Generally, withdrawals from a traditional IRA before age 59-1/2 are taxed as ordinary income, plus assessed a 10 percent early withdrawal penalty, but the IRS makes an exception for health care costs.
Traditional IRA owners who are under age 65 may withdraw funds from their account penalty-free to pay unreimbursed medical expenses if those bills exceed 10 percent of their income. That threshold is 7.5 percent if you are older than 65. (You will still owe income tax on the withdrawal.)
In the case of a Roth IRA, which is funded with after-tax dollars, account holders can withdraw their contributions tax and penalty-free at any time regardless of age.
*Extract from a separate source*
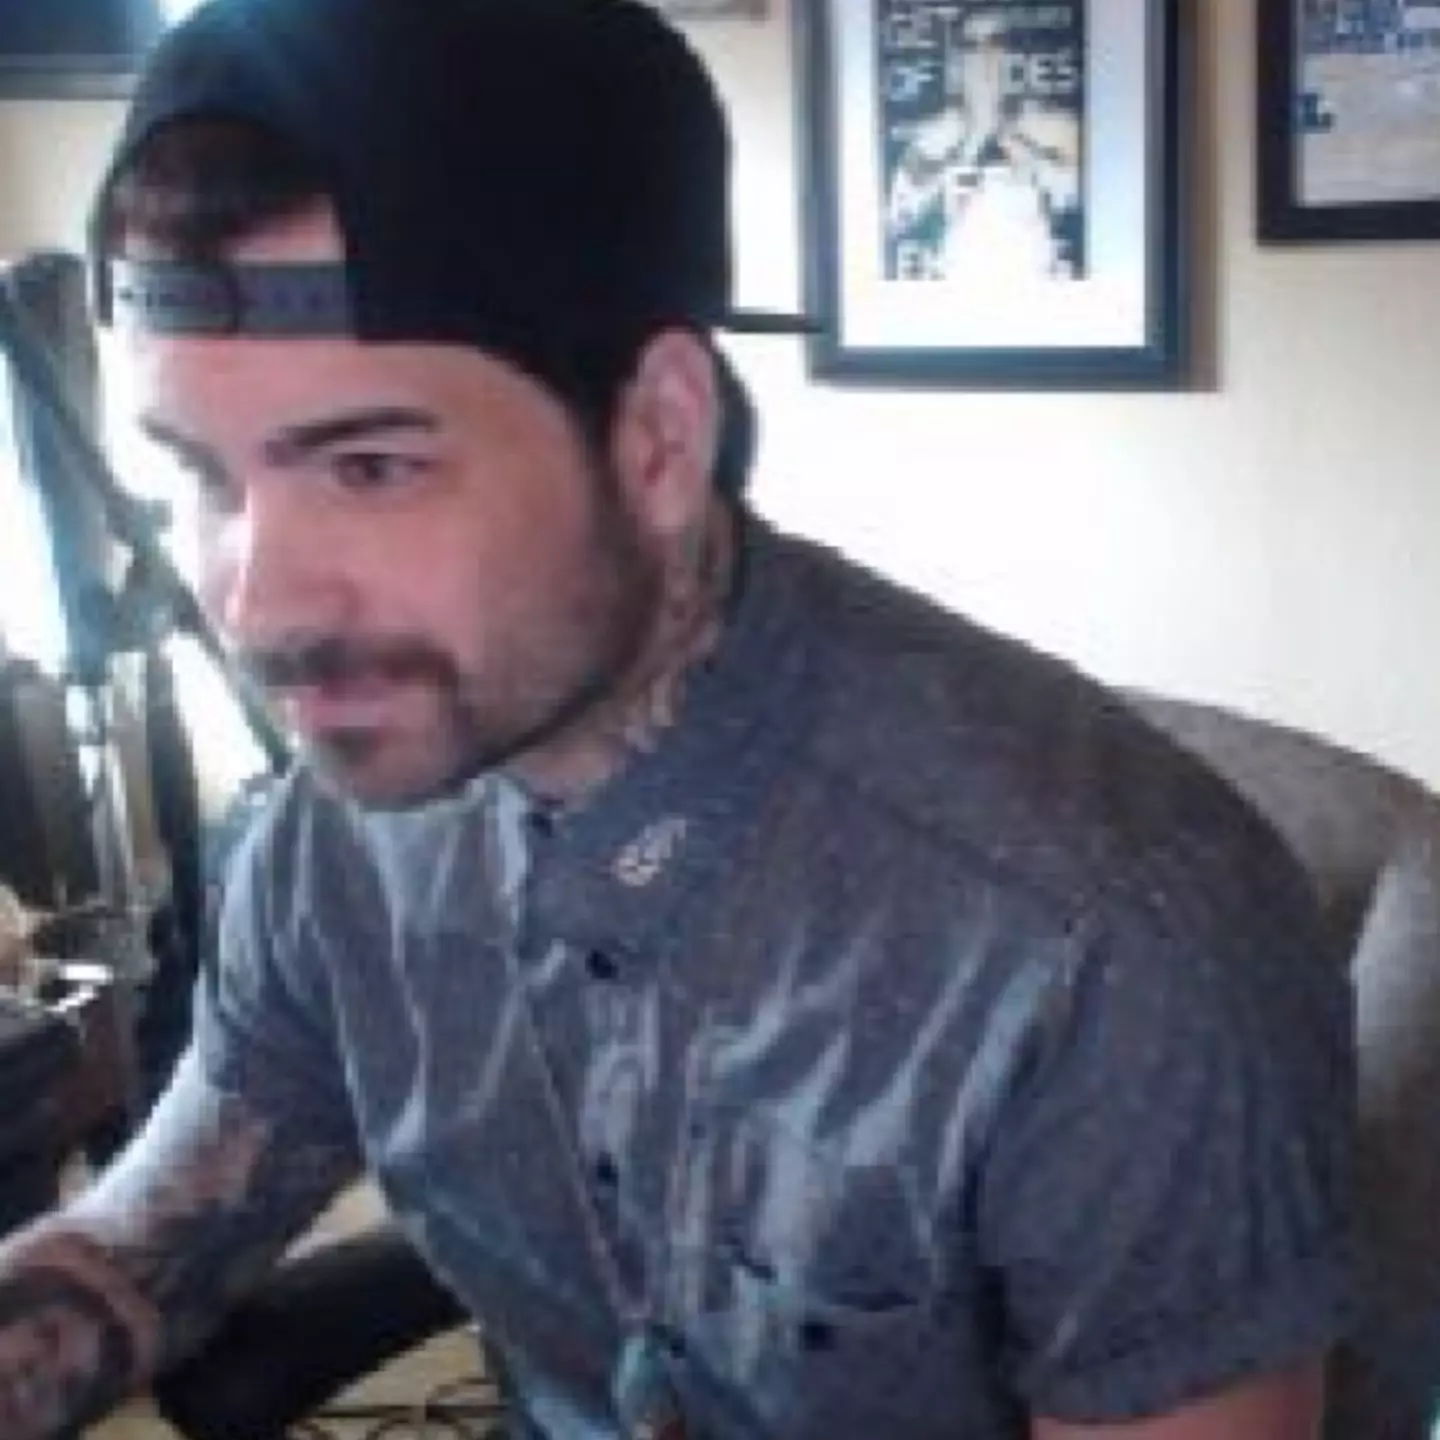 Hunter Moore set up the website 'Is Anyone Up?'

The 10 percent penalty is similarly waived for an early withdrawal of the earnings prior to age 59-1/2, if used to cover unreimbursed medical expenses.
Retirement savers who qualify due to “immediate and heavy financial need, may also be able to take a hardship distribution, or loan, from their 401(k).
While health and well-being always trumps tax concerns, however, James Guarino, a certified public accountant with Moody, Famiglietti & Andronico in Tewksbury, Massachusetts, said individuals are generally better off tapping other sources of cash for their medical expenses and leaving their retirement savings alone.
“I believe most tax and financial planning professionals, me included, would instinctively suggest that individuals consider other payment options first before they tap their retirement plan assets,” he said.
Apart from a personal loan from the bank, patients may also be able to borrow funds from a friend or family member who is in a position to help.
Borrowing from a cash value life insurance policy can also provide emergency funds, said Guarino, noting the wisdom of such a move is determined on a case by case basis. “In general, life insurance policies offer loan borrowing capacity that may be more advantageous than typical bank or credit card loans,” he said, noting some of the bigger advantages of borrowing from cash value policies include more flexibility with repayment terms, better interest rates and elimination of the need to undergo a credit check.
But, he warns, interest will accrue over the life of the loan and the loan will eventually need to be paid back, either during the policyholder’s lifetime or from the policy’s death benefit when they die. “Misjudgment and or mismanagement of the loan could lead to a reduction in the death benefit or, the possible loss of the policy altogether,” said Guarino.
To reiterate, using the cash value of a life insurance policy reduces its value and death benefit and increases the chance the policy will lapse. If a policy lapses with an outstanding loan that exceeds the cost basis, it becomes taxable. Many people talk with a financial professional about risks and alternatives before turning to an IRA or life insurance policy for funds.
(Related: Treat the Cash Value with Care)
In the fight against breast cancer, knowing what to expect, both medically and financially, can help you and your family plan ahead – a source of relief at a stressful time.
By talking with your doctor, understanding your benefits, and exploring all available funding sources, patients can help to keep their costs under control and focus their energy into what matters most – getting well.